• **RAW DATA**
******************************

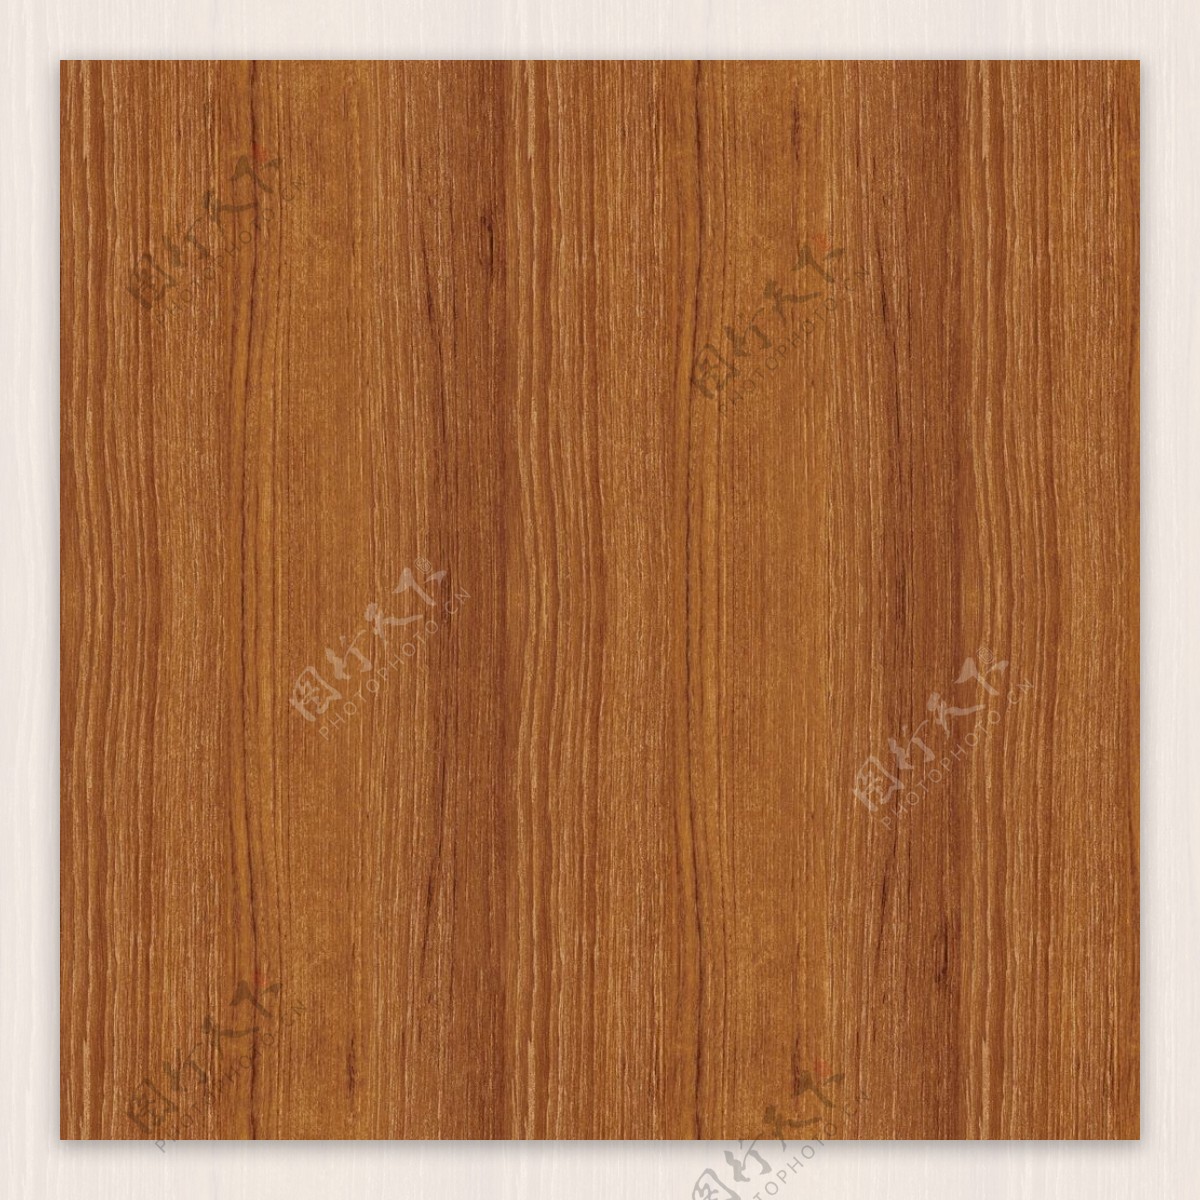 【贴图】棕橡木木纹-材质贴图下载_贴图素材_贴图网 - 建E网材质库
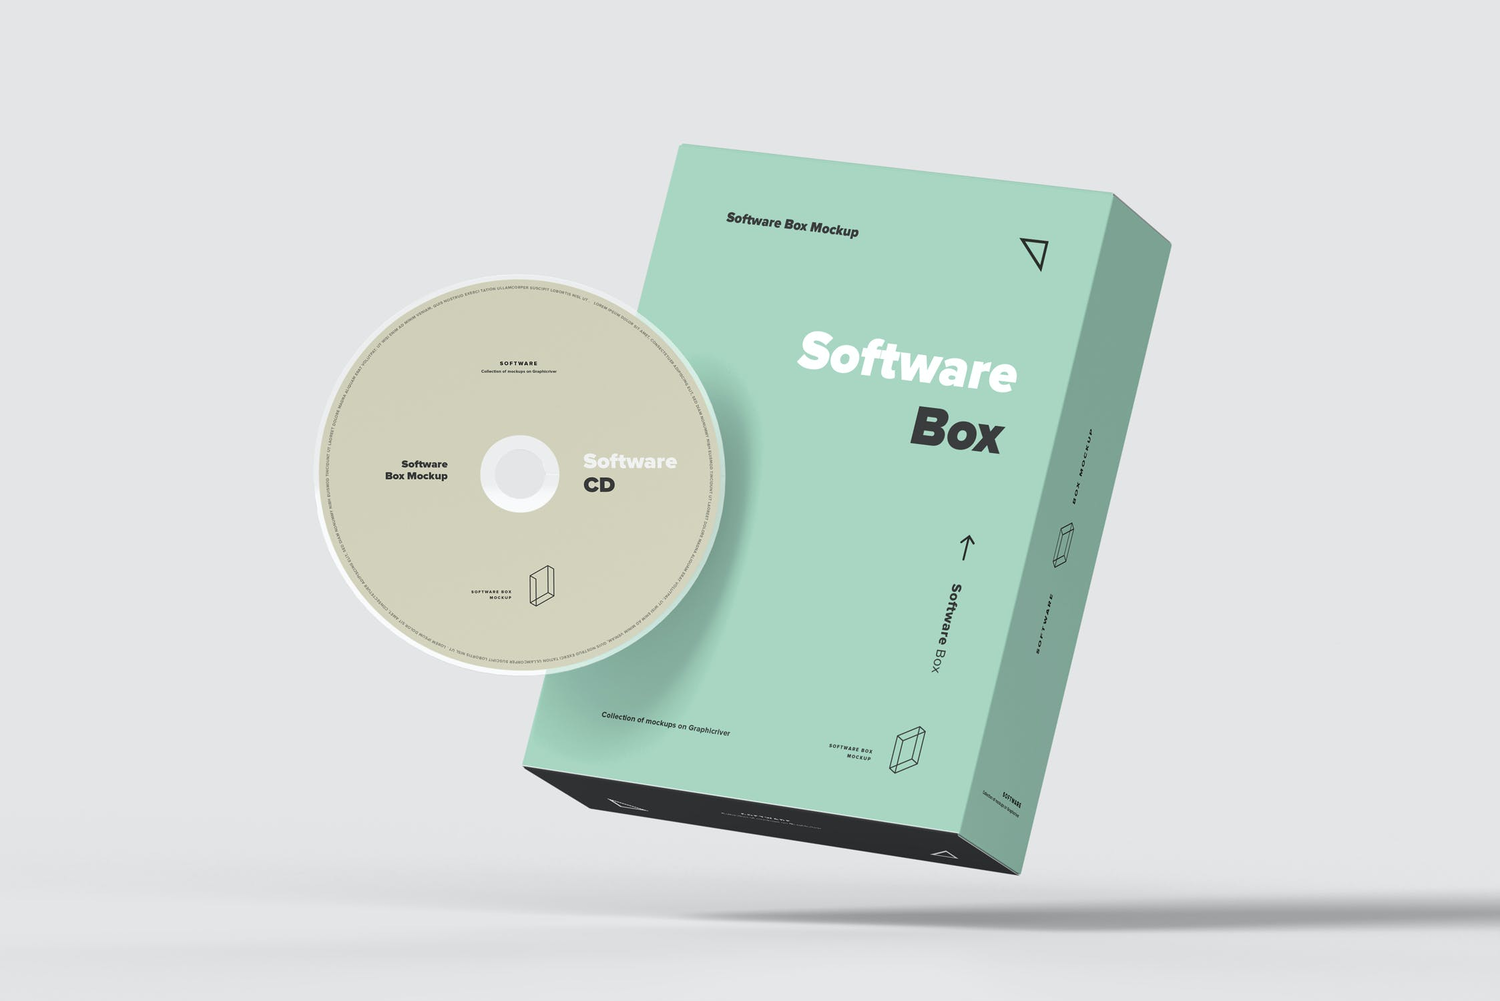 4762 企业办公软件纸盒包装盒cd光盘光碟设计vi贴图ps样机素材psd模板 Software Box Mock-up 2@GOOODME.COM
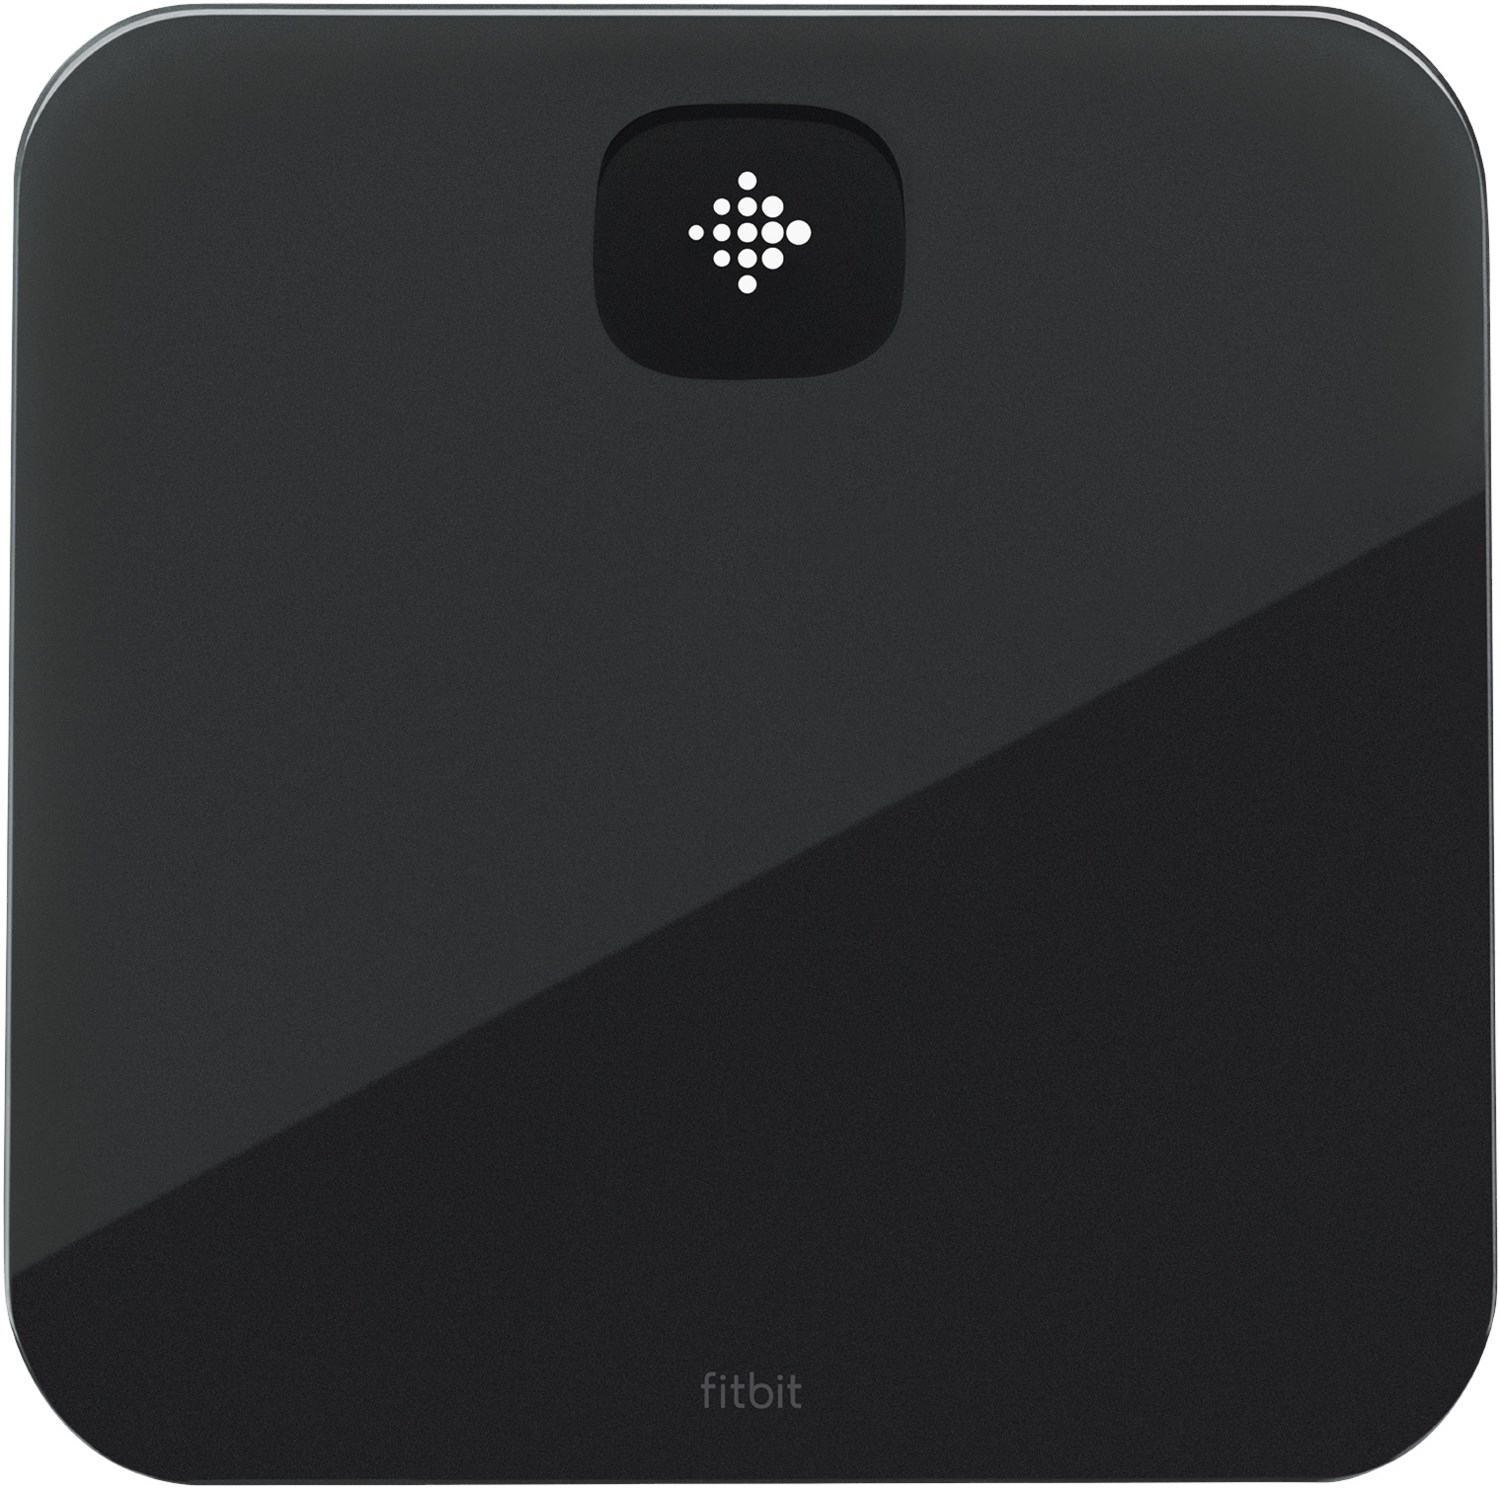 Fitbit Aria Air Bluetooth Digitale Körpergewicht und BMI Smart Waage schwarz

******************************

• **ASSIGNMENT**
Restate exactly, and only, the lines from the one that holds "4762 企业办公软件纸盒包装盒cd光盘光碟设计vi贴图ps样机素材psd模板 Software" down to the last line of the material above. Omit the pictures.

• **REPLY TO THE TASK**
 4762 企业办公软件纸盒包装盒cd光盘光碟设计vi贴图ps样机素材psd模板 Software Box Mock-up 2@GOOODME.COM
 Fitbit Aria Air Bluetooth Digitale Körpergewicht und BMI Smart Waage schwarz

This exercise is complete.